#### Work item
Apart from the pictures, every line below needs to be reproduced verbatim.

#### Exercise data

● ● ● ● ● ● ●

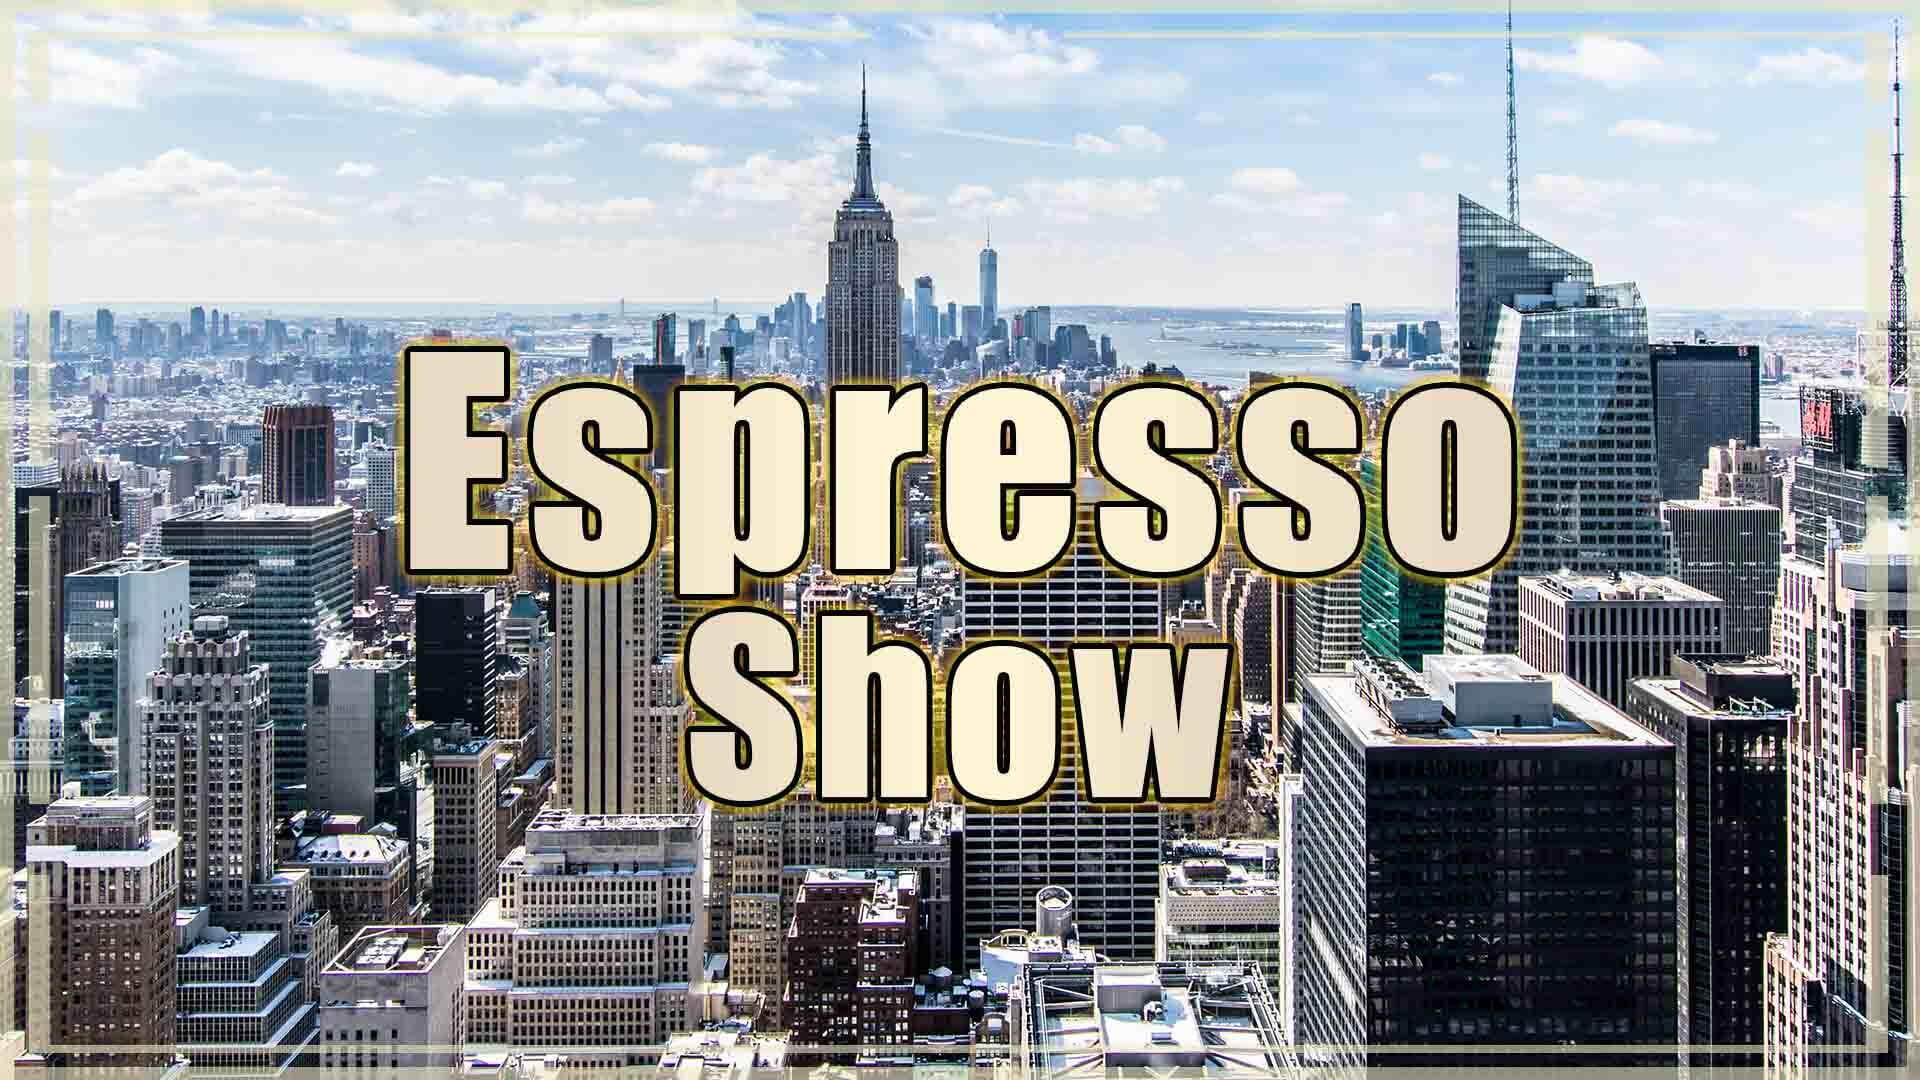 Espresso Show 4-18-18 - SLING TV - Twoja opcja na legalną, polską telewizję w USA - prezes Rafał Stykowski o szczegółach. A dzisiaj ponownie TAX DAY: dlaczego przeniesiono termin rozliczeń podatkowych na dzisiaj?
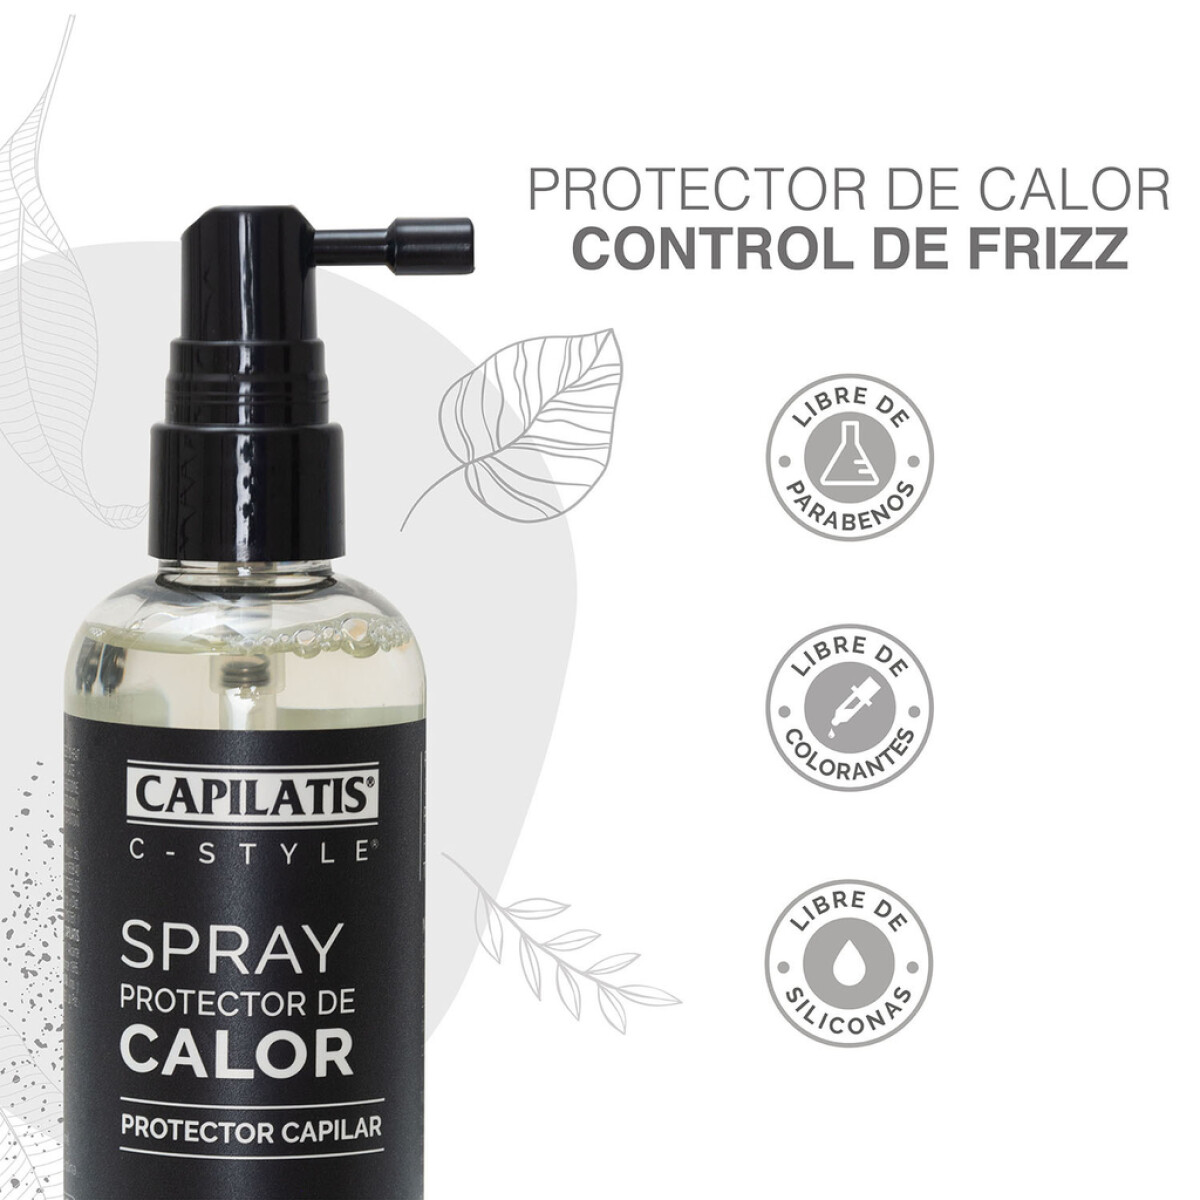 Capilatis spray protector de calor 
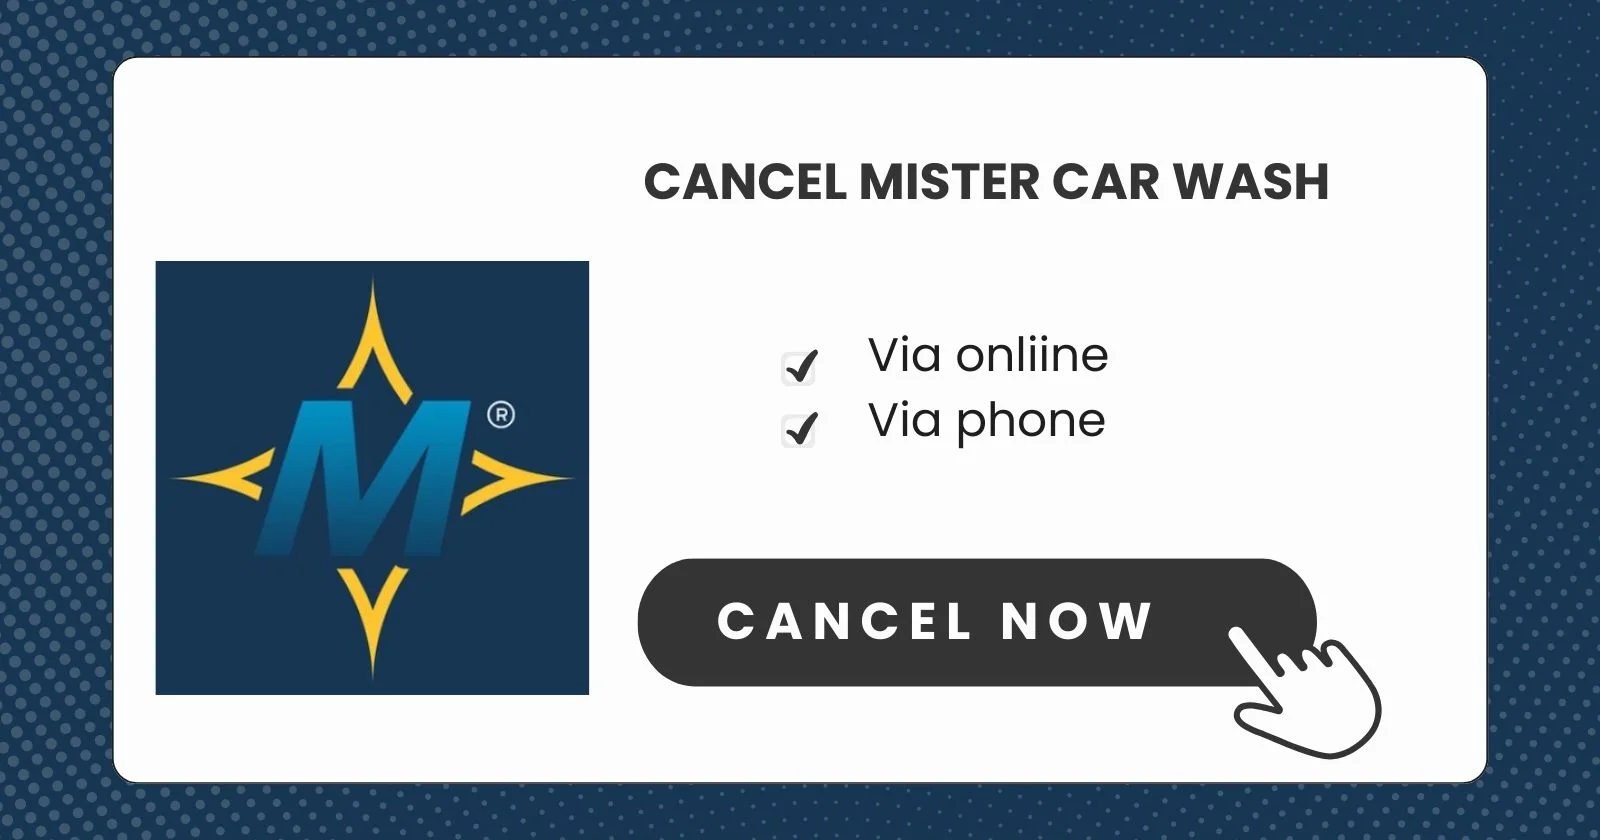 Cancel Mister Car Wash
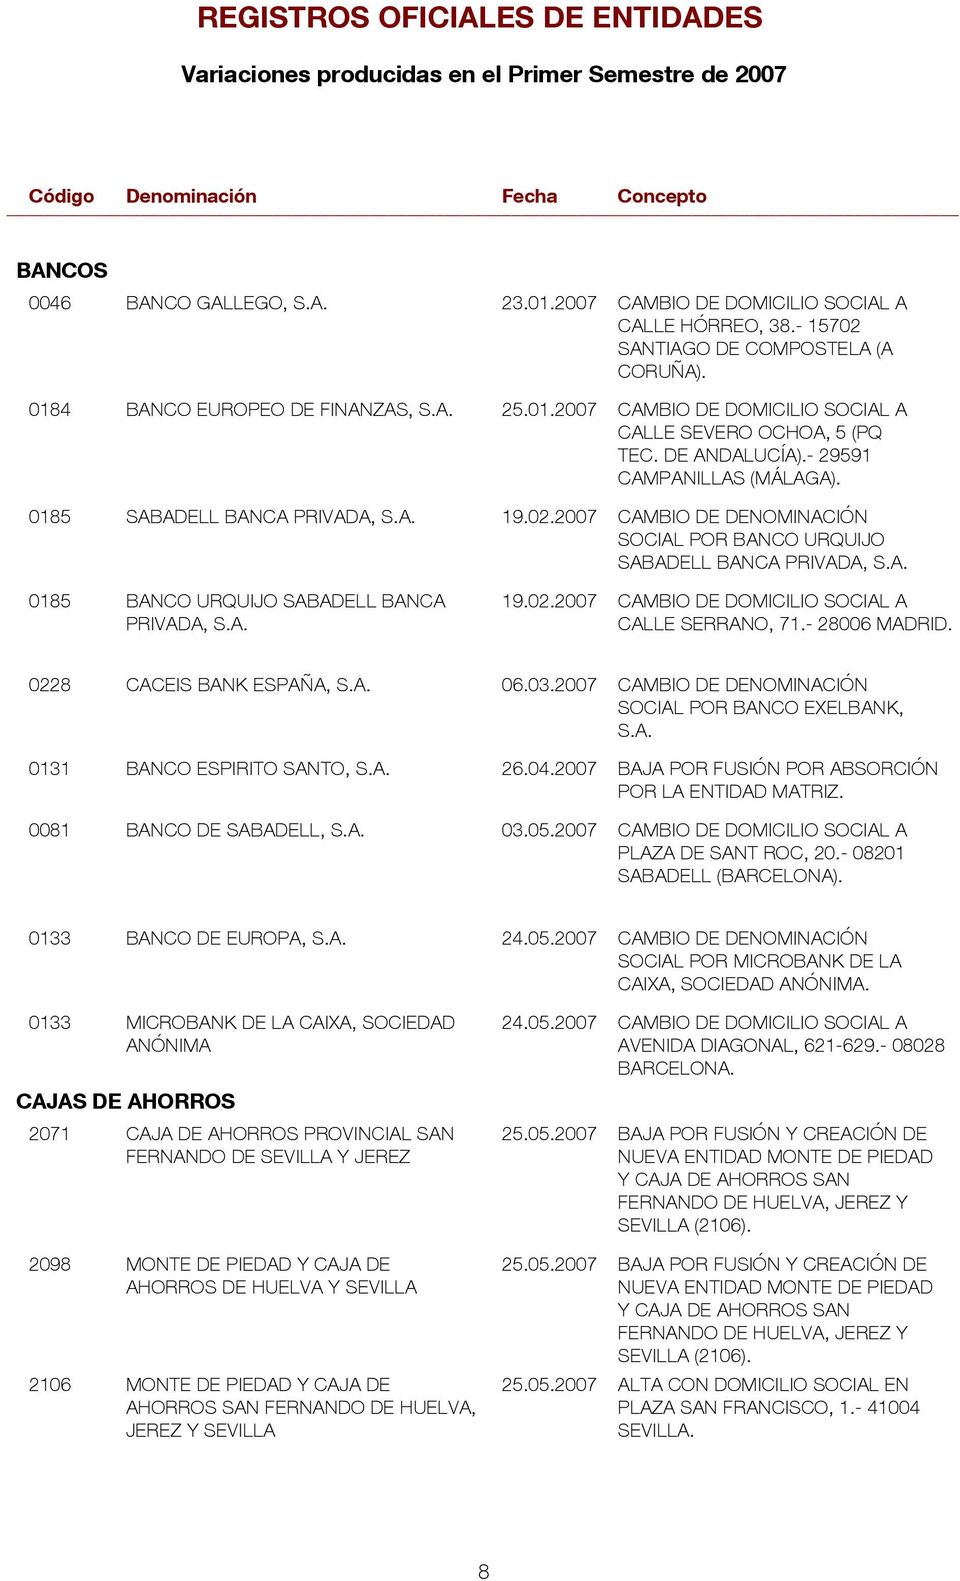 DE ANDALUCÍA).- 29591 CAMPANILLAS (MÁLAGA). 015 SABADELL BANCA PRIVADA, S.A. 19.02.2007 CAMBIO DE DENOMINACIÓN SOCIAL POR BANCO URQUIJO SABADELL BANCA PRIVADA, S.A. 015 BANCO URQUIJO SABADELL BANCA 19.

● ● ● ● ● ● ●

#### Task response
 Espresso Show 4-18-18 - SLING TV - Twoja opcja na legalną, polską telewizję w USA - prezes Rafał Stykowski o szczegółach. A dzisiaj ponownie TAX DAY: dlaczego przeniesiono termin rozliczeń podatkowych na dzisiaj?
 Capilatis spray protector de calor 
 Cancel Mister Car Wash
 DE ANDALUCÍA).- 29591 CAMPANILLAS (MÁLAGA). 015 SABADELL BANCA PRIVADA, S.A. 19.02.2007 CAMBIO DE DENOMINACIÓN SOCIAL POR BANCO URQUIJO SABADELL BANCA PRIVADA, S.A. 015 BANCO URQUIJO SABADELL BANCA 19.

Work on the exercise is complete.